## Dataset section

+++

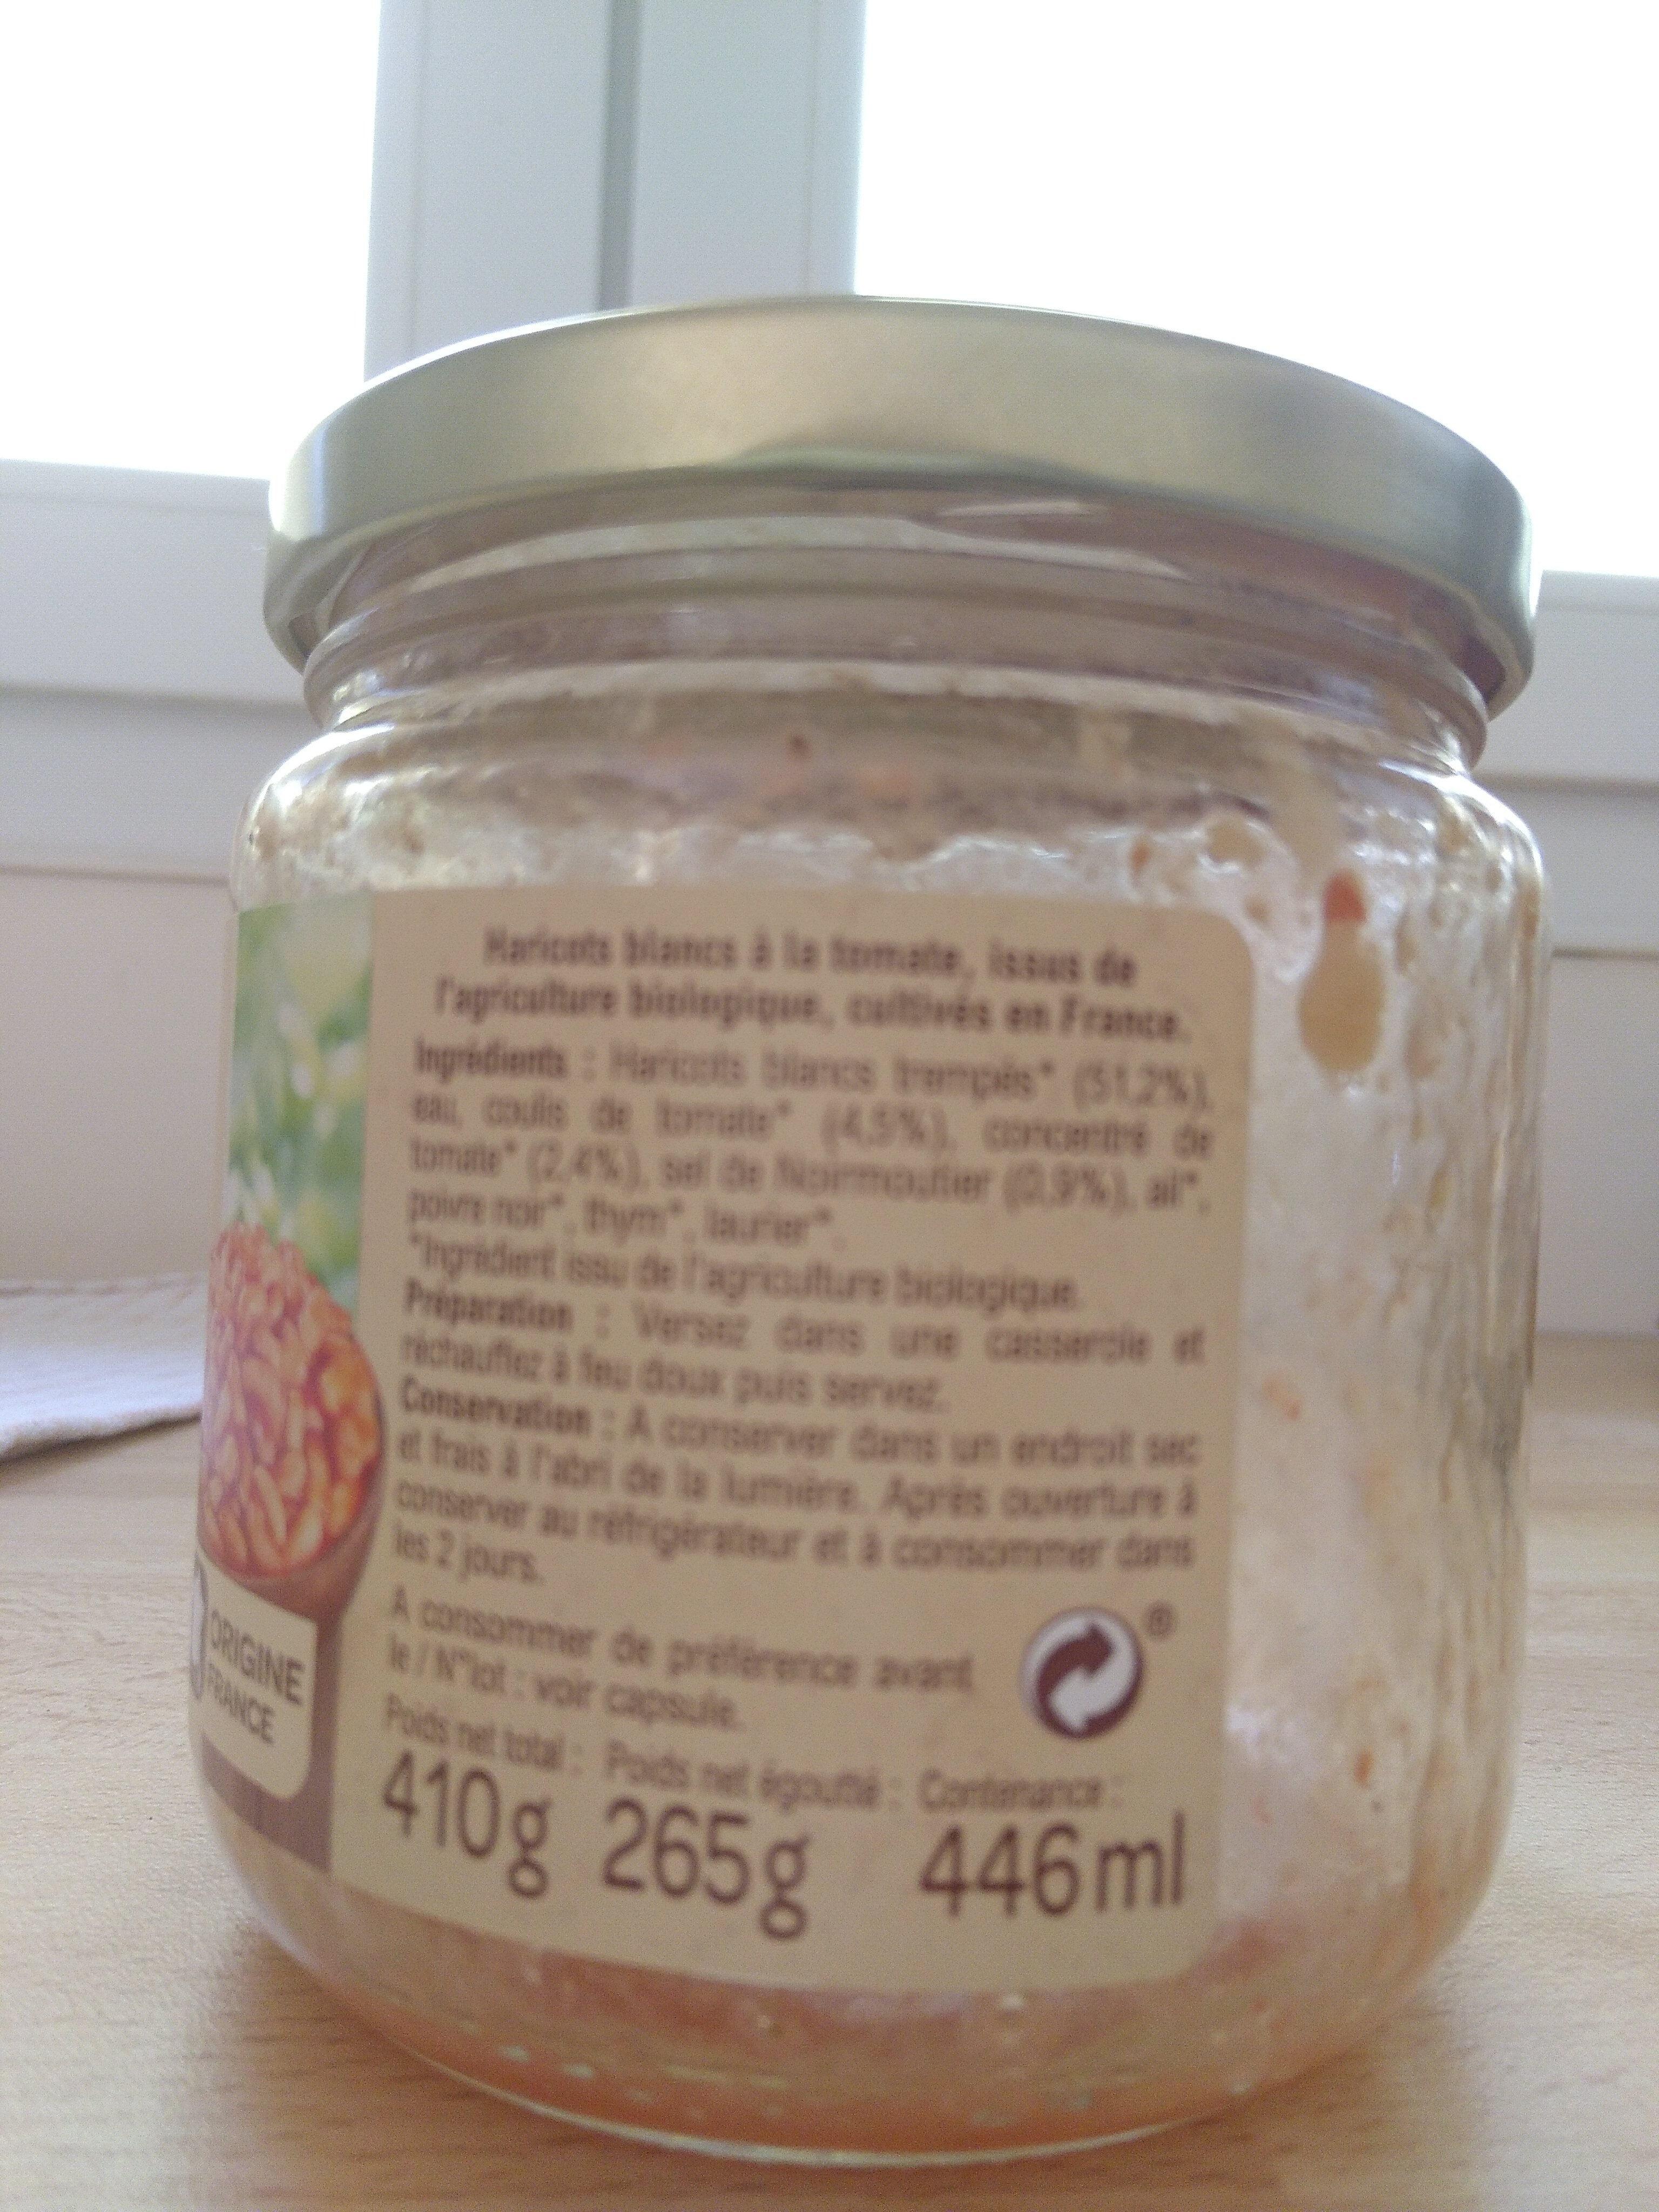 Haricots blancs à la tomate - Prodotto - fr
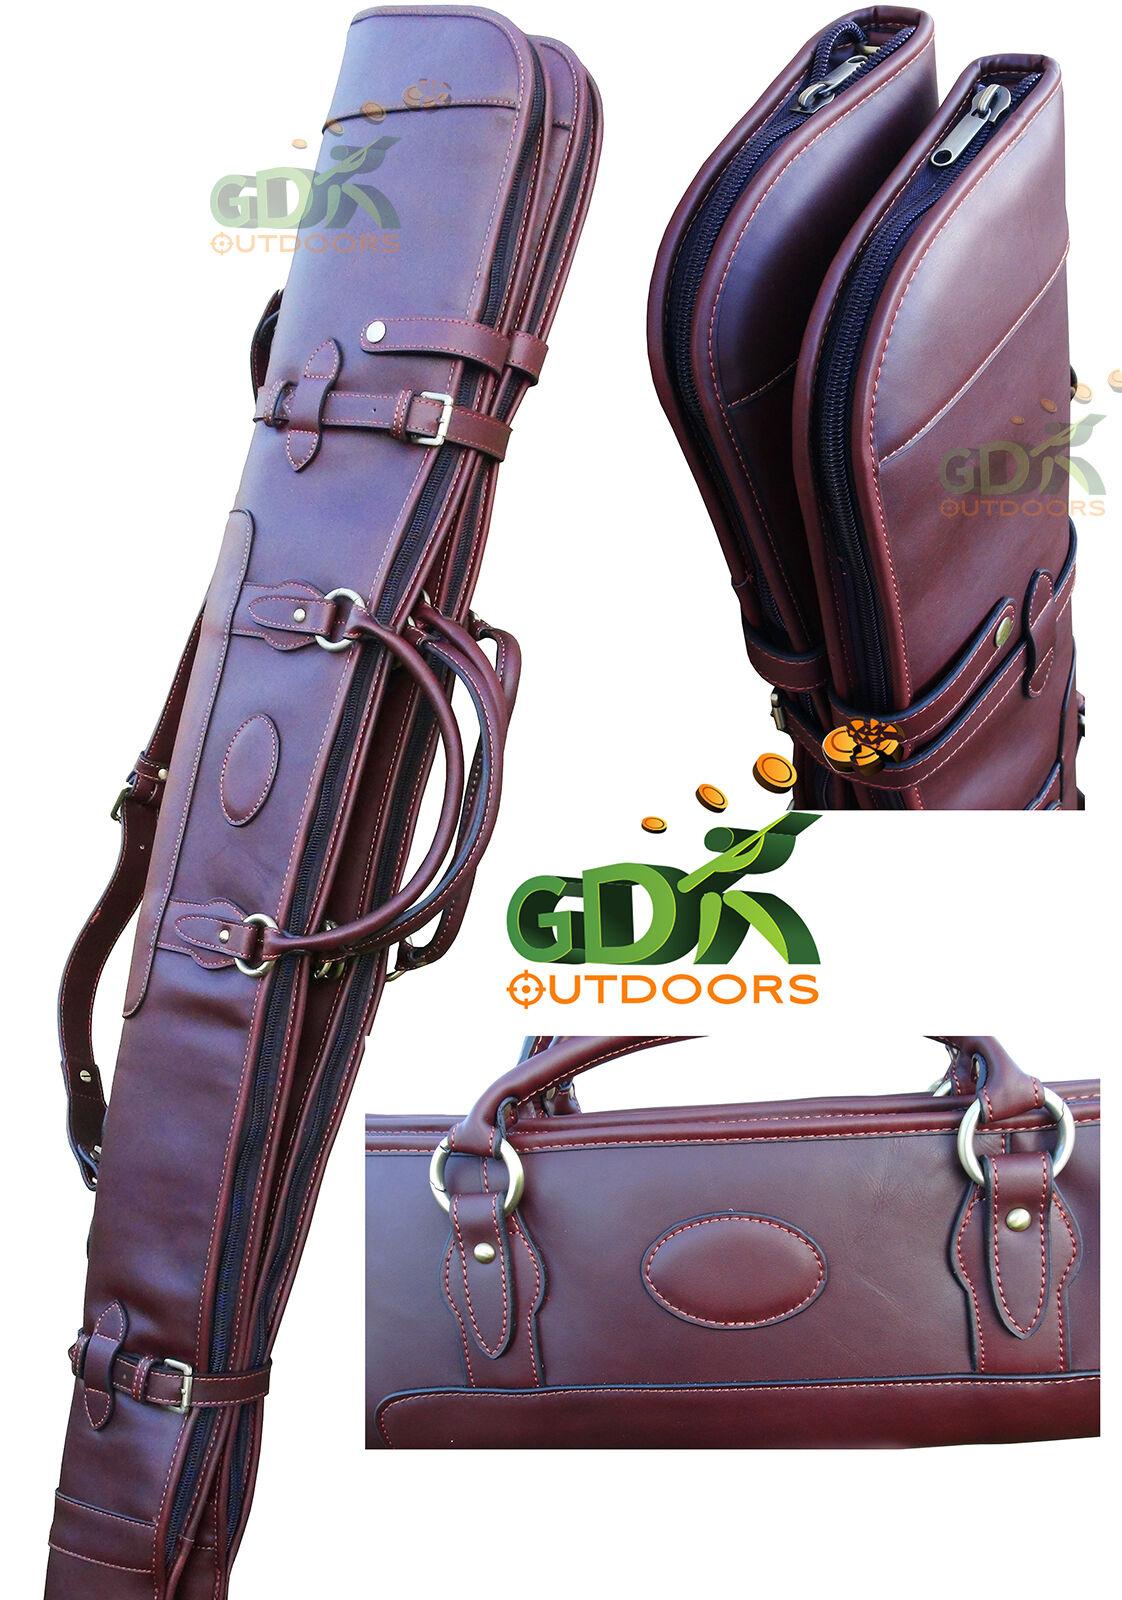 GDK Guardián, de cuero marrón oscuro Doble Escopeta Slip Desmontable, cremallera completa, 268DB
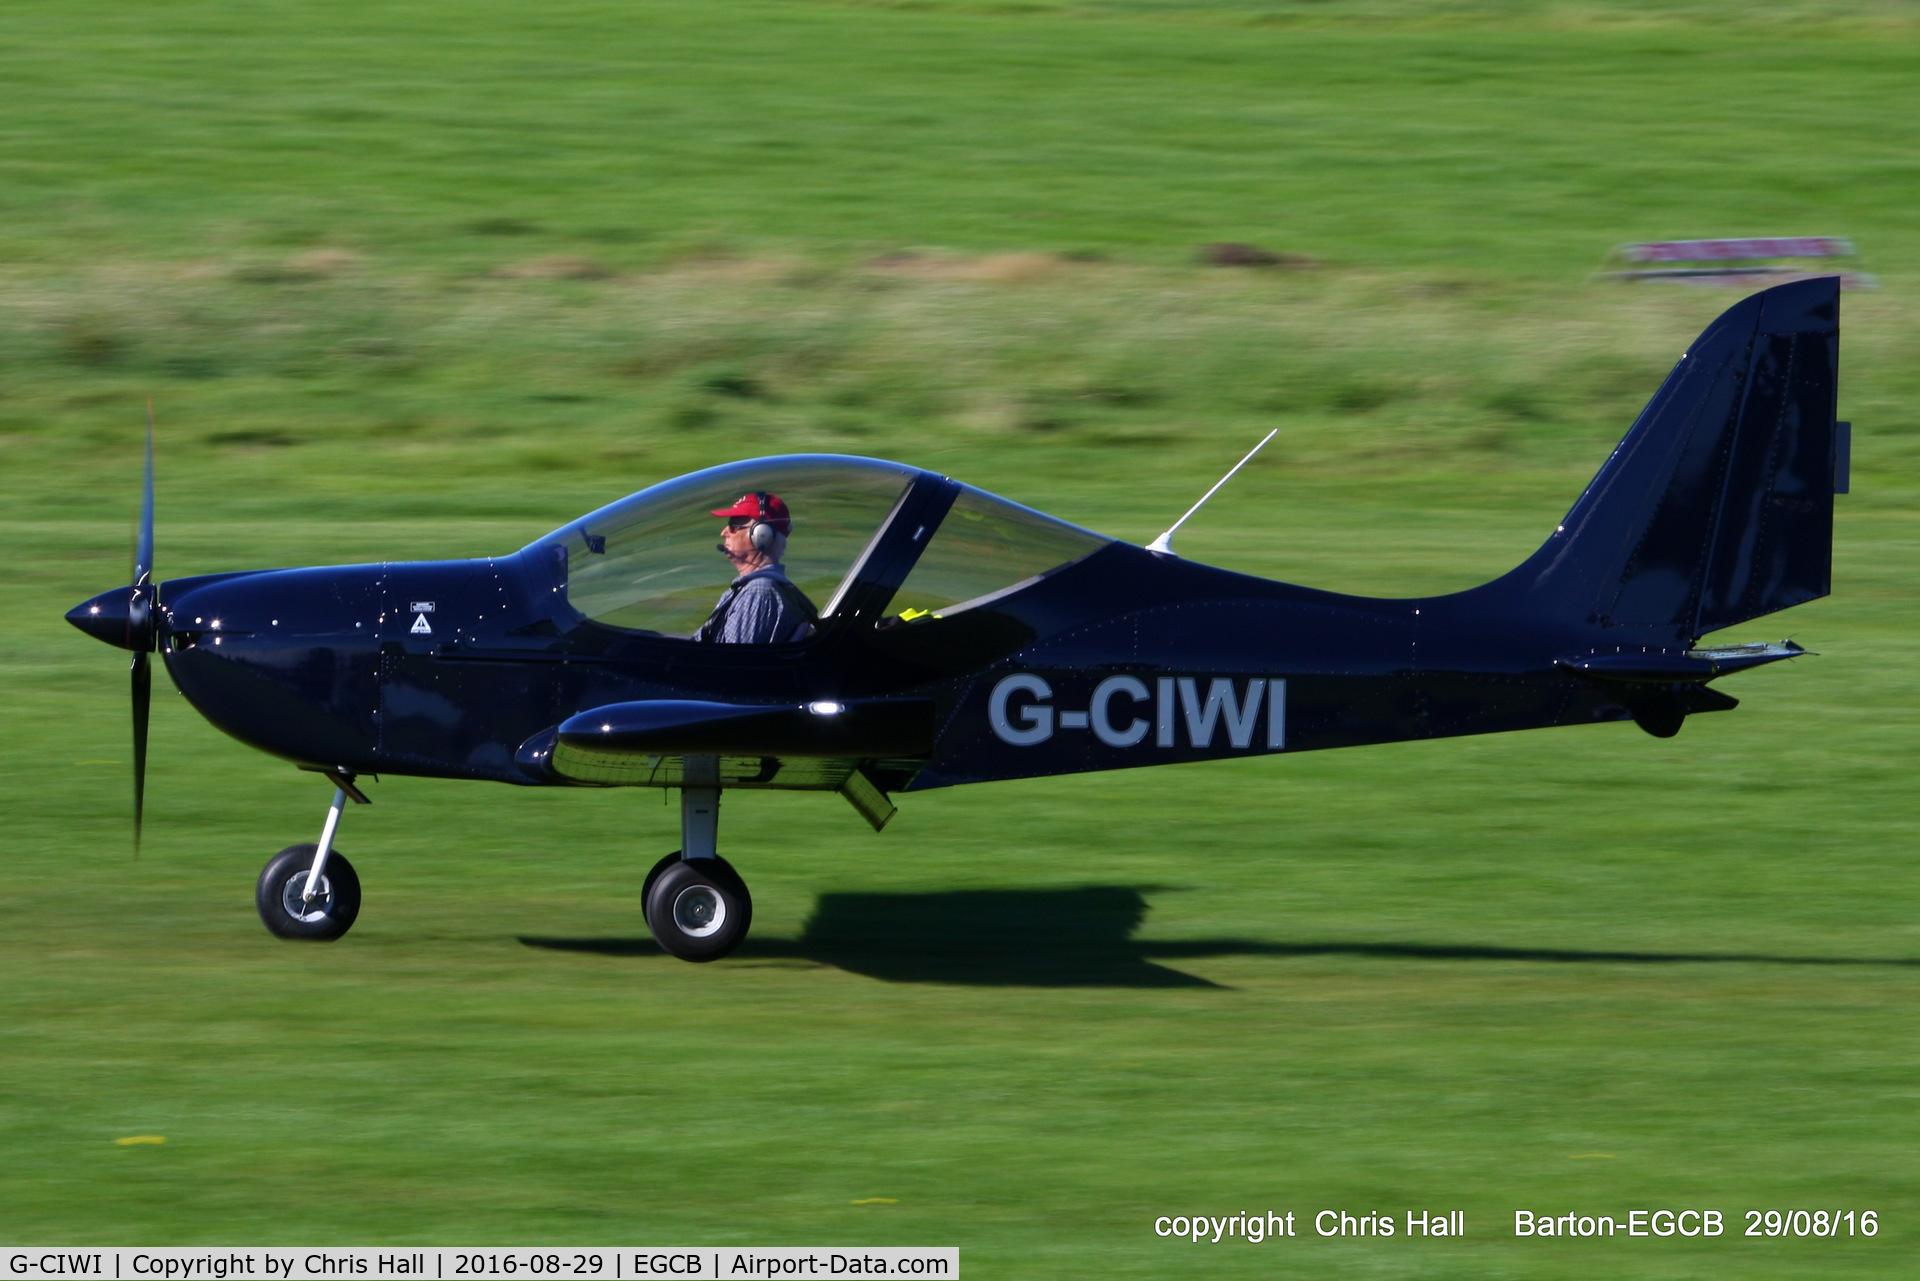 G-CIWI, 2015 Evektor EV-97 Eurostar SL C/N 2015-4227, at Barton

+++

All the data above is to be transcribed exactly, with no pictures included.

## Result of this task
 Haricots blancs à la tomate - Prodotto - fr
 GDK Guardián, de cuero marrón oscuro Doble Escopeta Slip Desmontable, cremallera completa, 268DB
 G-CIWI, 2015 Evektor EV-97 Eurostar SL C/N 2015-4227, at Barton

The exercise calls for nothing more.